## WHAT YOU NEED TO DO
Omit the pictures, then write out every entry exactly as it reads.

[Stored data]

● ● ● ● ● ● ●

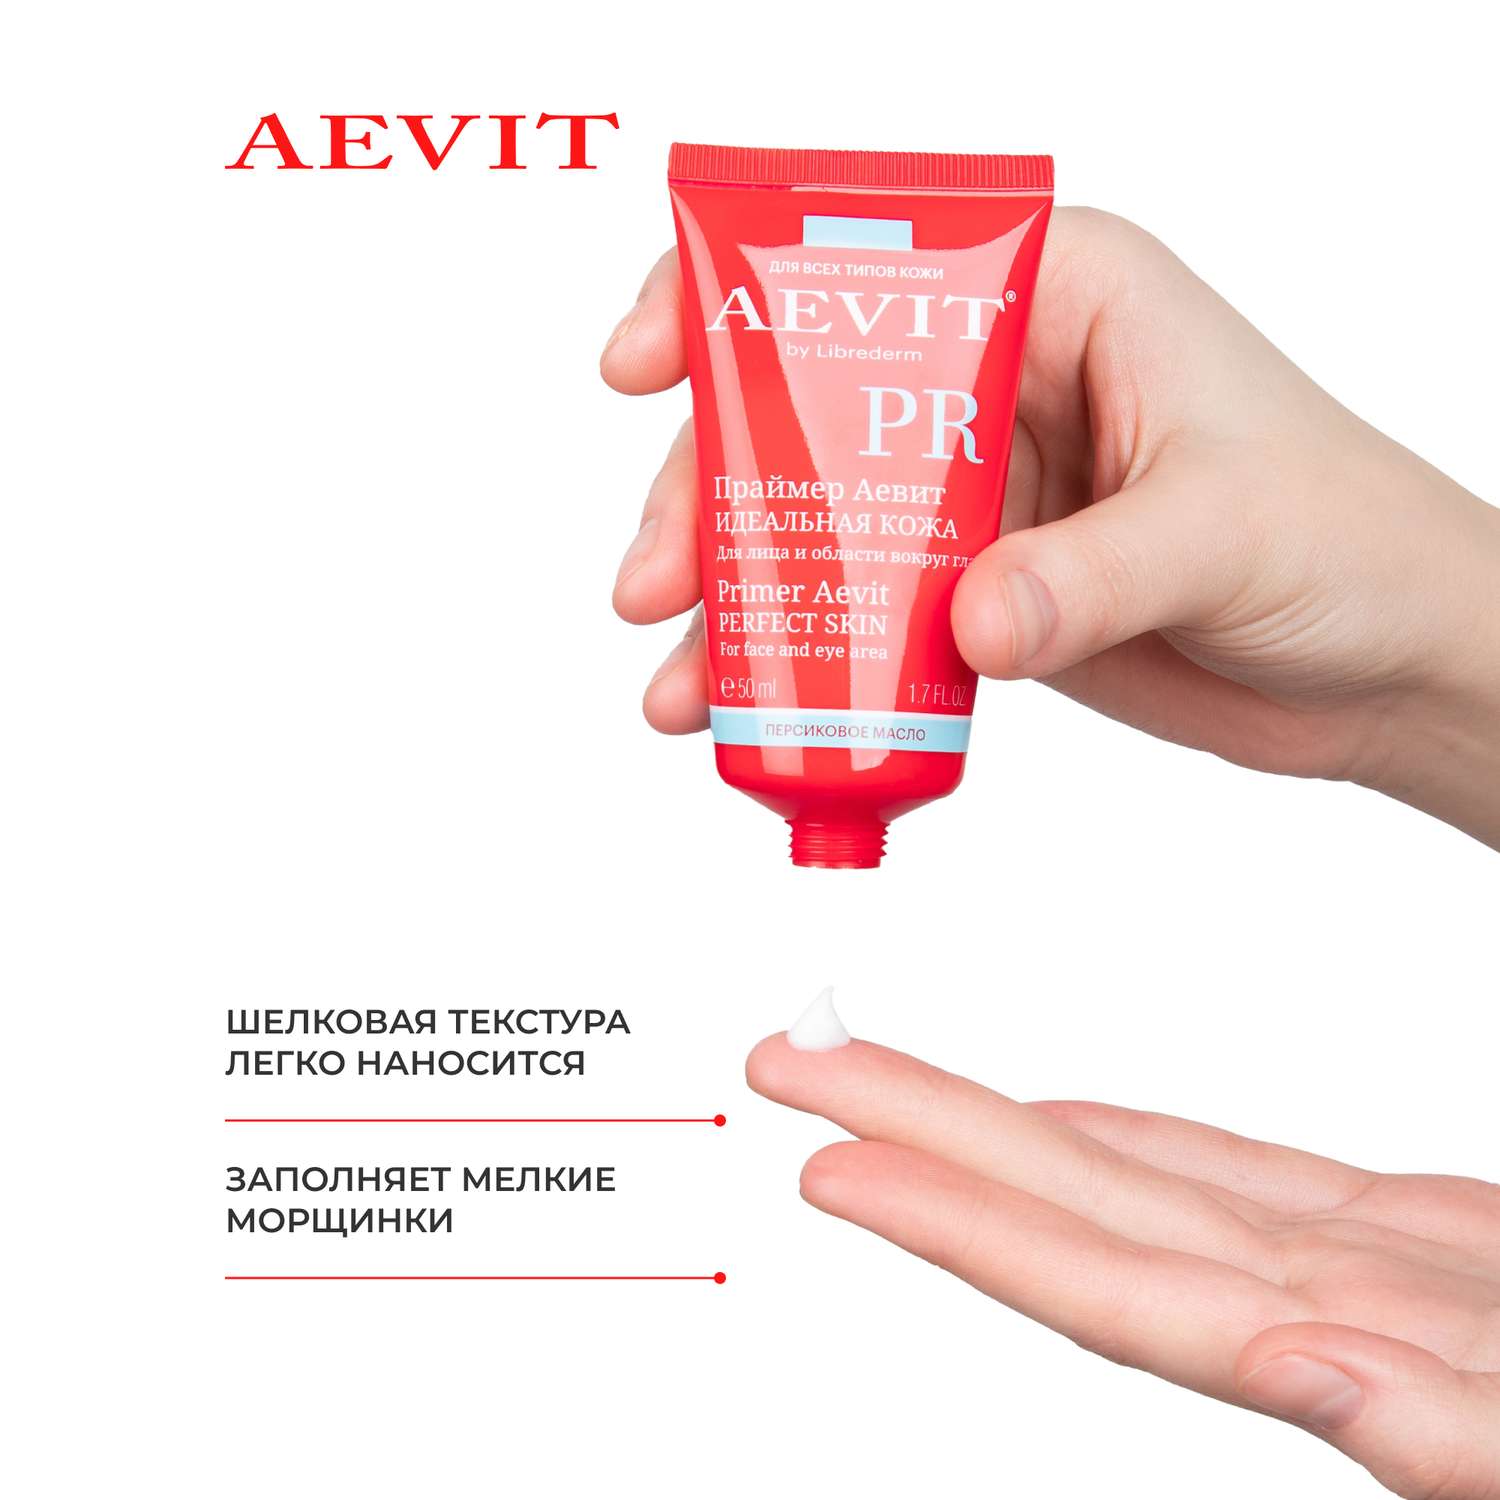 Праймер AEVIT Идеальная кожа для лица и области вокруг глаз No Tone 50 мл - фото 5
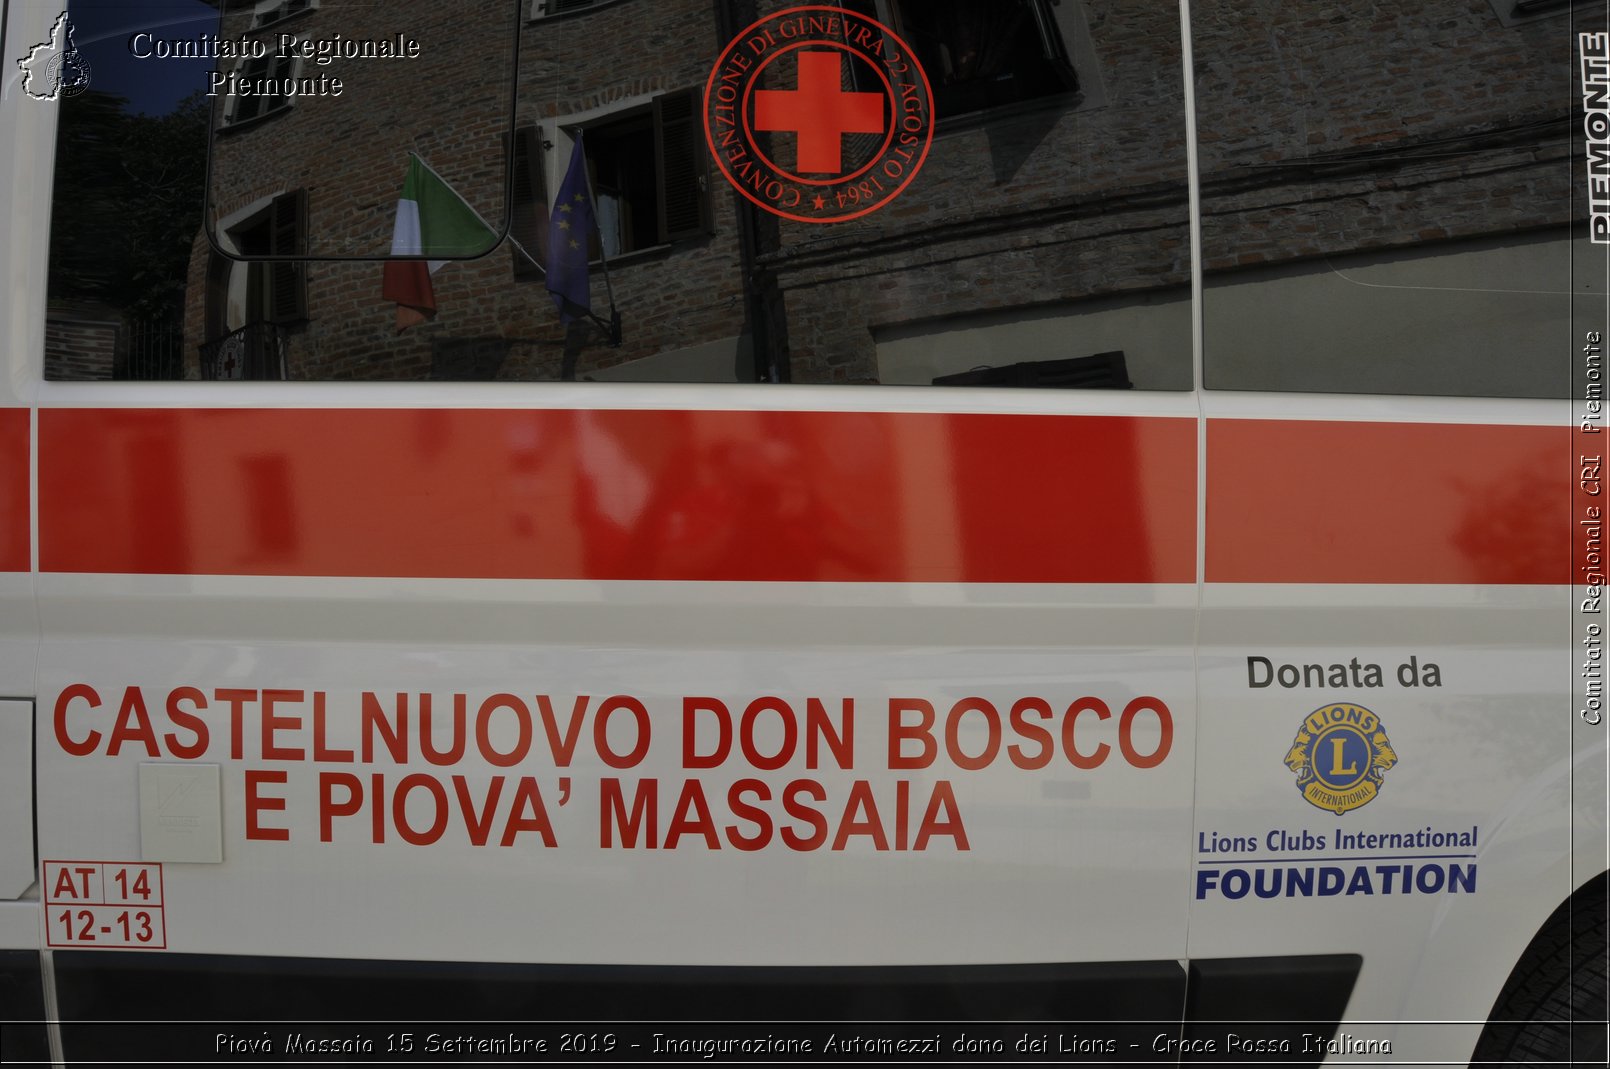 Piov Massaia 15 Settembre 2019 - Inaugurazione Automezzi dono dei Lions - Croce Rossa Italiana
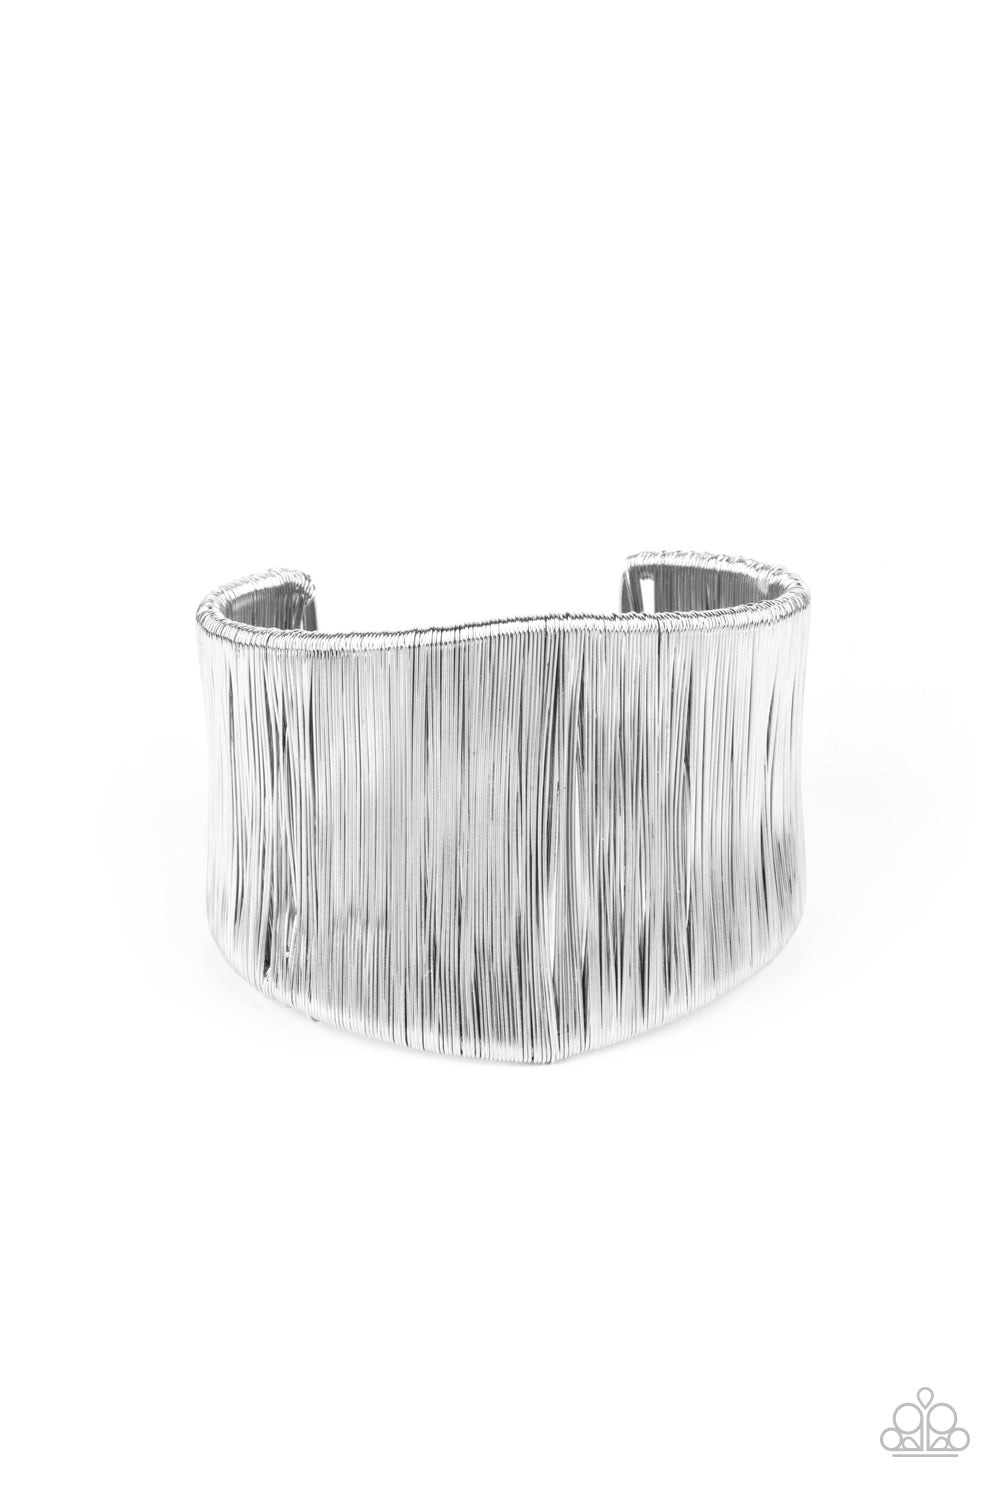 Hot Wired Wonder - Silver cuff bracelet
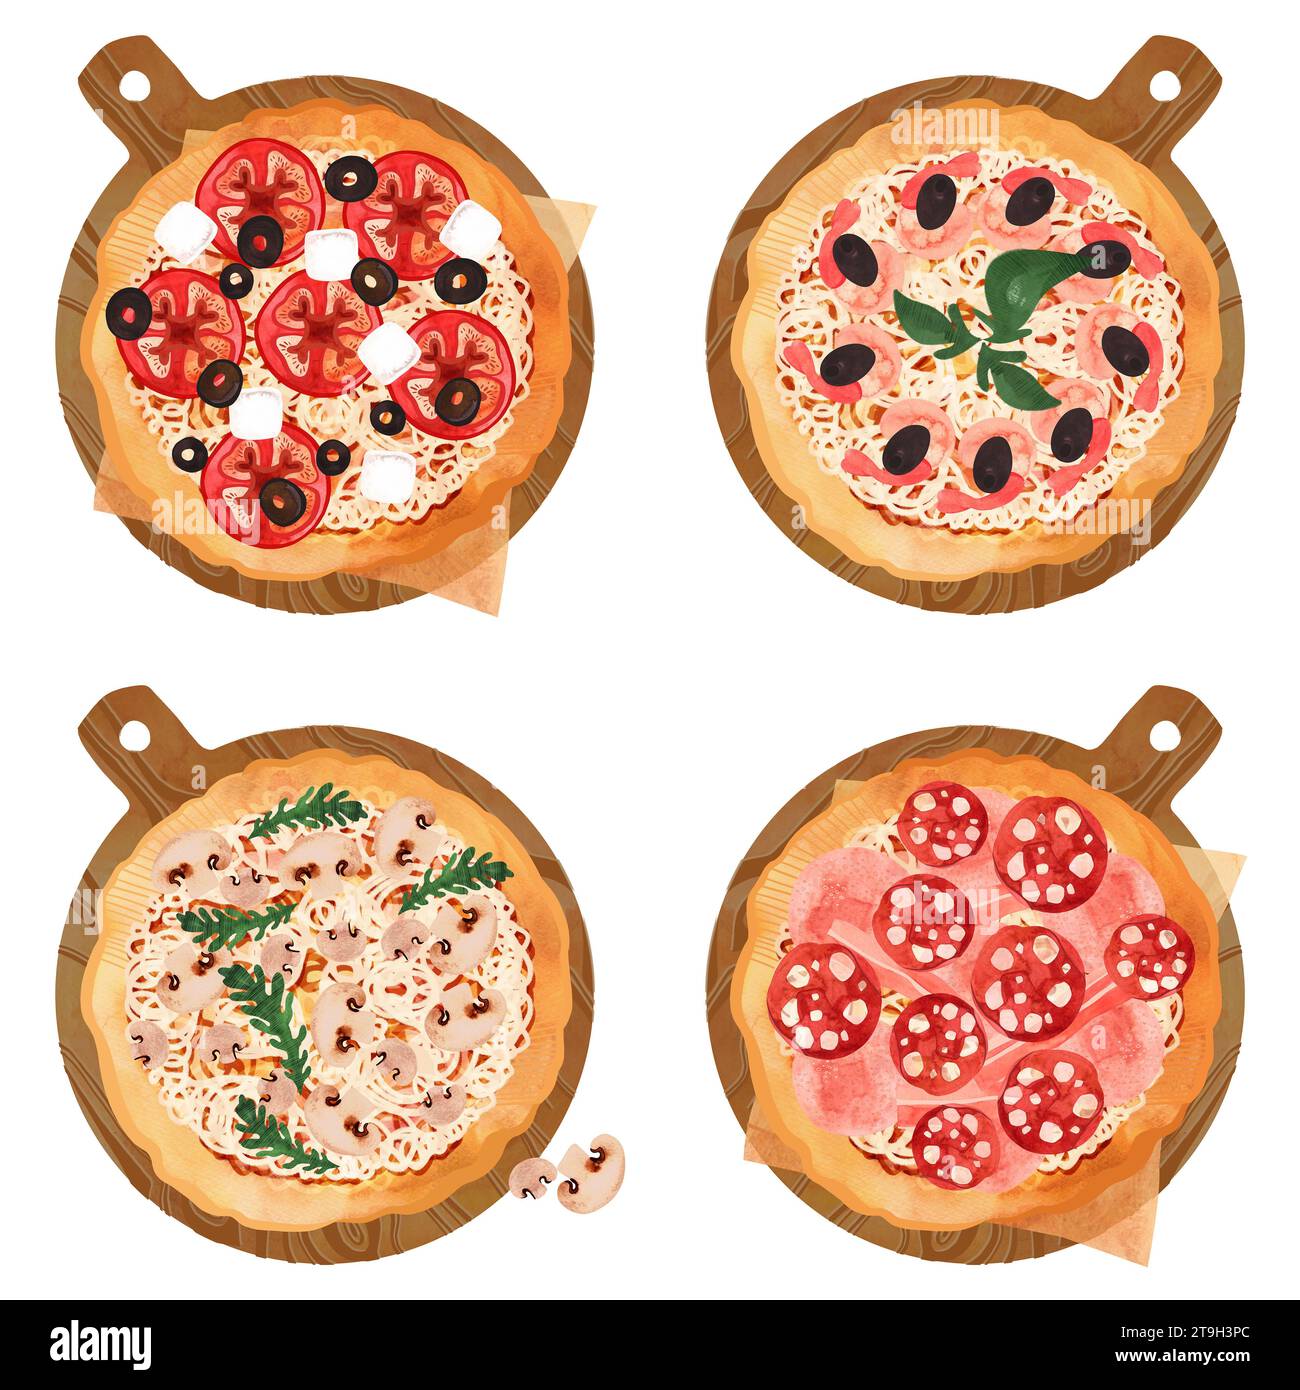 Pizza-Set. Fleisch, Meeresfrüchte, Pilz- und Tomatenpizza mit dickem Teig auf einem hölzernen Servierbrett. Isolierte Aquarellabbildung auf weißem Hintergrund f Stockfoto
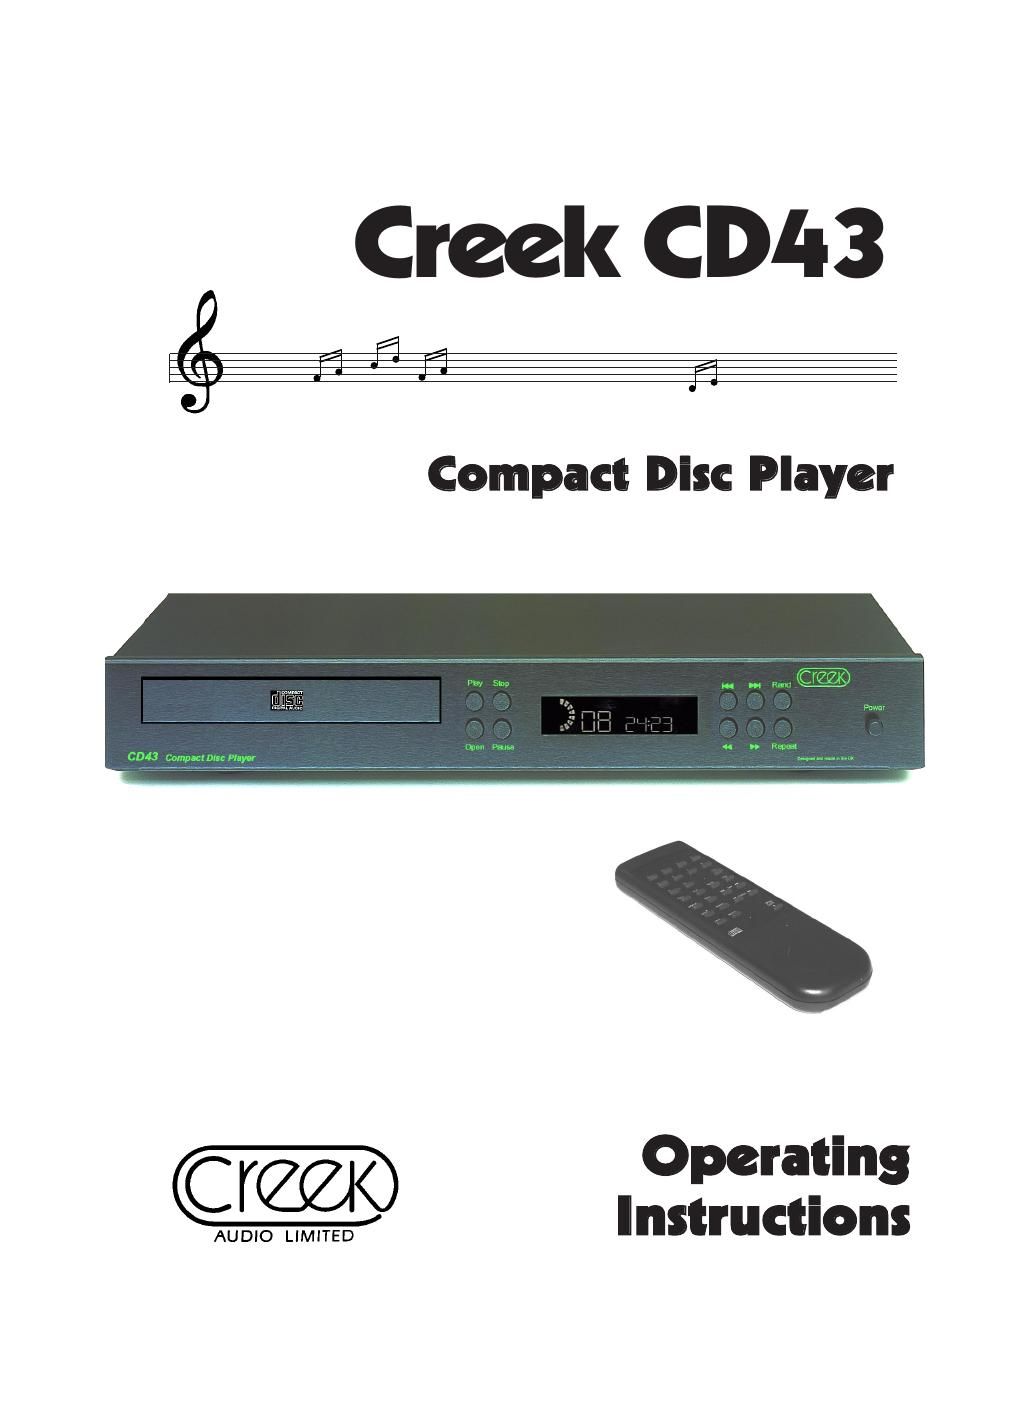 creek cd 43 owners manual

● ● ● ● ● ● ●

## SOLUTION TO THIS PROBLEM
 Праймер AEVIT Идеальная кожа для лица и области вокруг глаз No Tone 50 мл - фото 5
 Piov Massaia 15 Settembre 2019 - Inaugurazione Automezzi dono dei Lions - Croce Rossa Italiana
 Hot Wired Wonder - Silver cuff bracelet
 Pizza-Set. Fleisch, Meeresfrüchte, Pilz- und Tomatenpizza mit dickem Teig auf einem hölzernen Servierbrett. Isolierte Aquarellabbildung auf weißem Hintergrund f Stockfoto
 creek cd 43 owners manual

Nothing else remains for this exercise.